The press release calls the queue "autonomous multi-agent reasoning" and the demo shows it booking a calendar event.

There was a paper, or a post, I cannot remember which, by someone at a serious institution (not a startup), arguing that the reliability requirements for actual autonomy scale nonlinearly with the length of the task chain.3 The argument was roughly: a 90% success rate per step sounds good and becomes catastrophic by step seven. He had a table. The table was clarifying. I want to find this and will link it when I do.


Buried in the footnotes of the eval

1. This is the actual problem with the agentic framing.

2. The benchmark showing 72% task completion on a curated eval.

2.5. The eval was designed by the company running the benchmark.

3. The real number, in production, on arbitrary tasks, is lower.
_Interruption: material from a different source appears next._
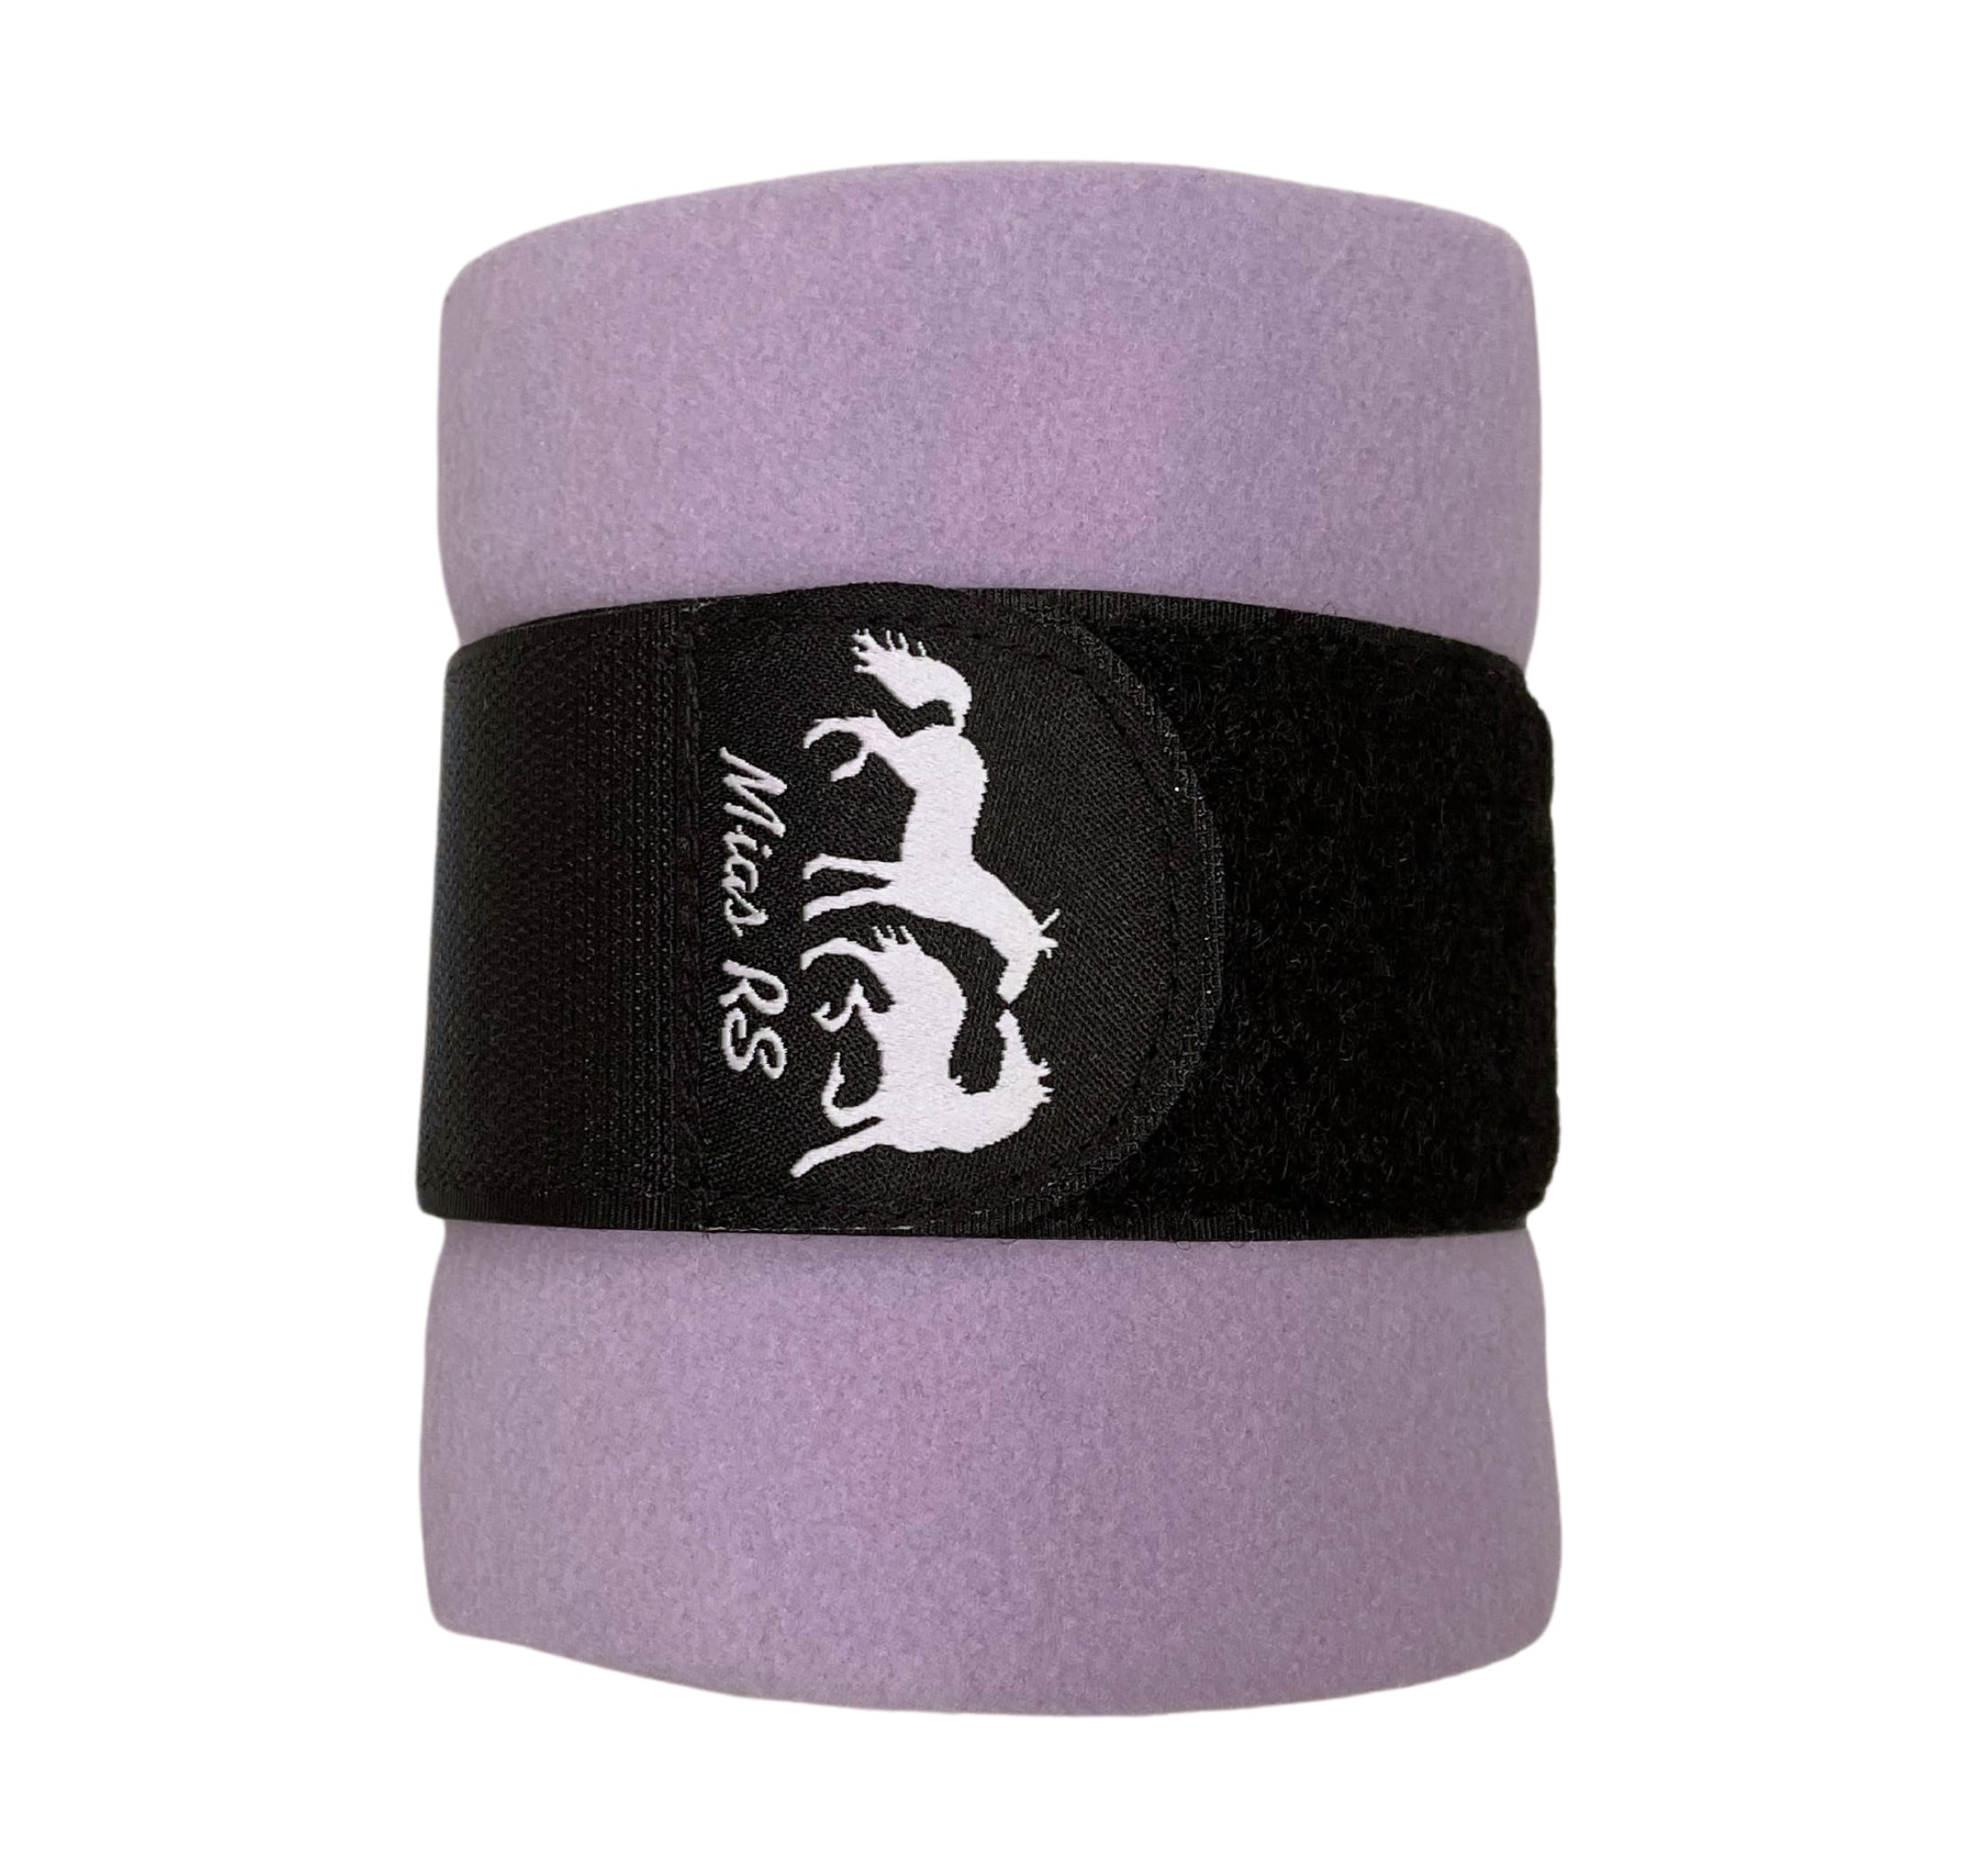 Polo Bandage - Light Purple

Nobody publishes this.


What this means in practice is that most "agentic" products work in demos and degrade in production in ways that are specifically hard to debug, because the failure is somewhere in the middle of a chain and there is no clean error state. The user experience is: it almost worked, and now it is not clear where to start.

Anyway. I do not think this technology is without value. I think the claims are running several years ahead of the reliability, which is what hype cycles do, and the hangover is going to be proportional.4 The boring version of this technology, a model that reliably answers one question well, is already useful. The exciting version, a model that autonomously manages your business processes, is mostly a demo.

Footnotes
1

The expert system comparison is not original to me. There is a version of this argument I encountered somewhere that named specific systems from that era with the specific claims made about them. I cannot place it now. The pattern is accurate even if I have the genealogy slightly wrong.

2

This is not a hypothetical. The actual demo at the actual conference was a calendar event.

3

I think this was a LessWrong post. It may have been a substack. The institution was real. The table was real. I am not confident about anything else.

4

The hangover metaphor is tired and also accurate. Both things can be true.